Supreme Court Rejects Biden’s Student Loan Forgiveness Plan
The Supreme Court ruled on Friday that the Biden administration had overstepped its authority with its plan to wipe out more than $400 billion in student debt, dashing the hopes of tens of millions of borrowers and imposing new restrictions on presidential power.
It was a resounding setback for President Biden, who had vowed to help borrowers “crawl out from under that mountain of debt.” More than 45 million people across the country owe $1.6 trillion in federal loans for college, according to government data, and the proposed debt cancellation, announced by Mr. Biden last summer, would have been one of the most expensive executive actions in U.S. history.
The decision, the last of a tumultuous term, was part of a trio of muscular rulings on Thursday and Friday in which the court divided 6 to 3 along partisan lines. In addition to rejecting the loan forgiveness program, the court’s conservative majority also sharply limited affirmative action in higher education and dealt a blow to gay rights.
The dismissal of the plan intensified pressure on Mr. Biden to try to fulfill a promise to a key constituency as his bid for re-election gets underway, and he made clear in remarks on Friday that he would seize on the ruling as a campaign issue.
“Today’s decision has closed one path,” Mr. Biden said, adding that he had directed his education secretary to examine a different law by which his administration could forgive debt. “Now we’re going to pursue another.”
But the Supreme Court’s decision, the latest in a series of rulings curbing presidential power in the absence of clear congressional authorization, limited Mr. Biden’s alternatives and suggested that other attempts to address student debt would be met with skepticism at the court.
Chief Justice John G. Roberts Jr., writing for the majority, said a 2003 law, which allows the secretary of education to “waive or modify” relevant statutes and regulations in emergencies, had not authorized the administration to cancel the debt.
“The secretary’s plan has ‘modified’ the cited provisions,” the chief justice wrote, quoting an earlier opinion, “only in the same sense that ‘the French Revolution “modified” the status of the French nobility’ — it has abolished them and supplanted them with a new regime entirely.”

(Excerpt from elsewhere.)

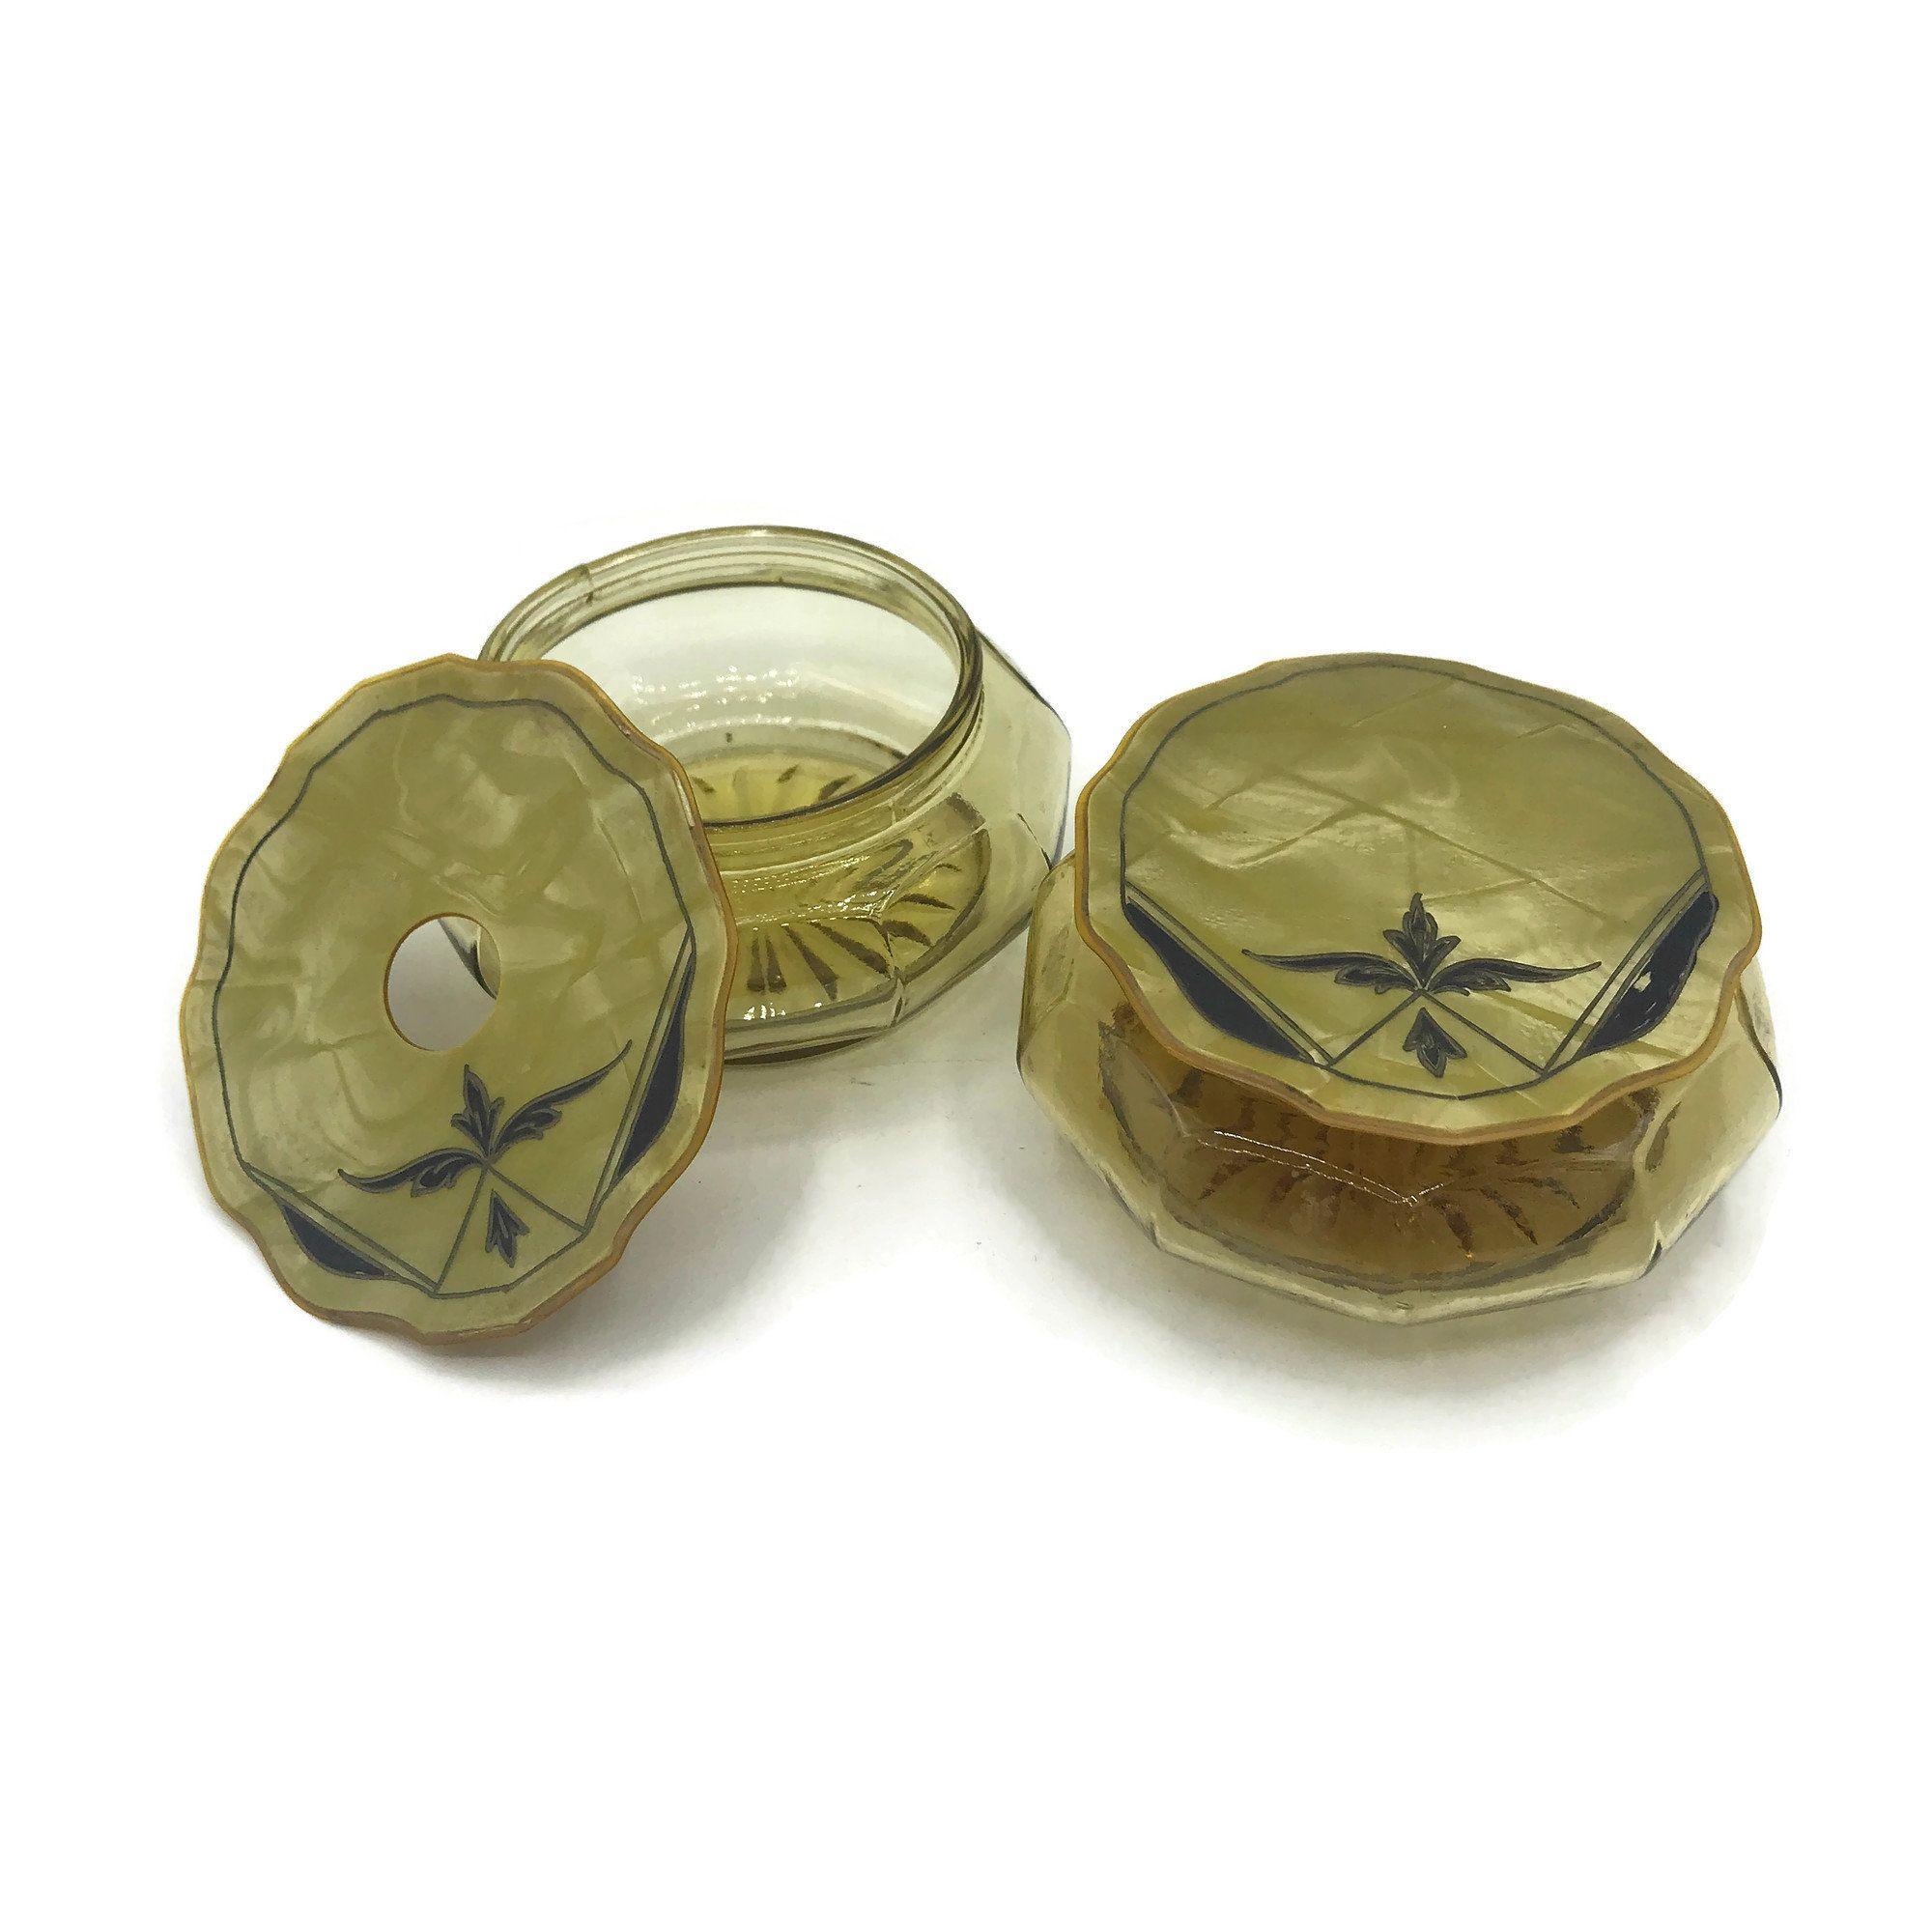 Antique Crystal Art Nouveau Hair Receiver Jar with Brass Top

Justice Elena Kagan summarized her dissent from the bench, a rare move and a sign of deep disagreement. In siding with six Republican-led states that sued to block the program, she said, the majority opinion was opportunistic, unprincipled and infected by politics.
“From the first page to the last,” she added in her written dissent, “today’s opinion departs from the demands of judicial restraint. At the behest of a party that has suffered no injury, the majority decides a contested public policy issue properly belonging to the politically accountable branches and the people they represent.”
Borrowers and advocates expressed dismay at the decision and pressed Mr. Biden to find another way.
Claude Reed, 74, has spent decades trying to pay off student loans, and half a century after finishing college, still owes $4,600, more than he borrowed to start. Mr. Biden’s plan would have freed him from debt, but the ruling on Friday means he again faces the prospect of having money deducted from his only source of income, Social Security.
“This is like football,” said Mr. Reed, who lives in Idaho Falls, Idaho. “Instead of me starting at the 20-yard line, I’m behind in the other end zone, you know?”
Republicans, for their part, cast the decision as a victory for taxpayers and reiterated that the plan was unfair.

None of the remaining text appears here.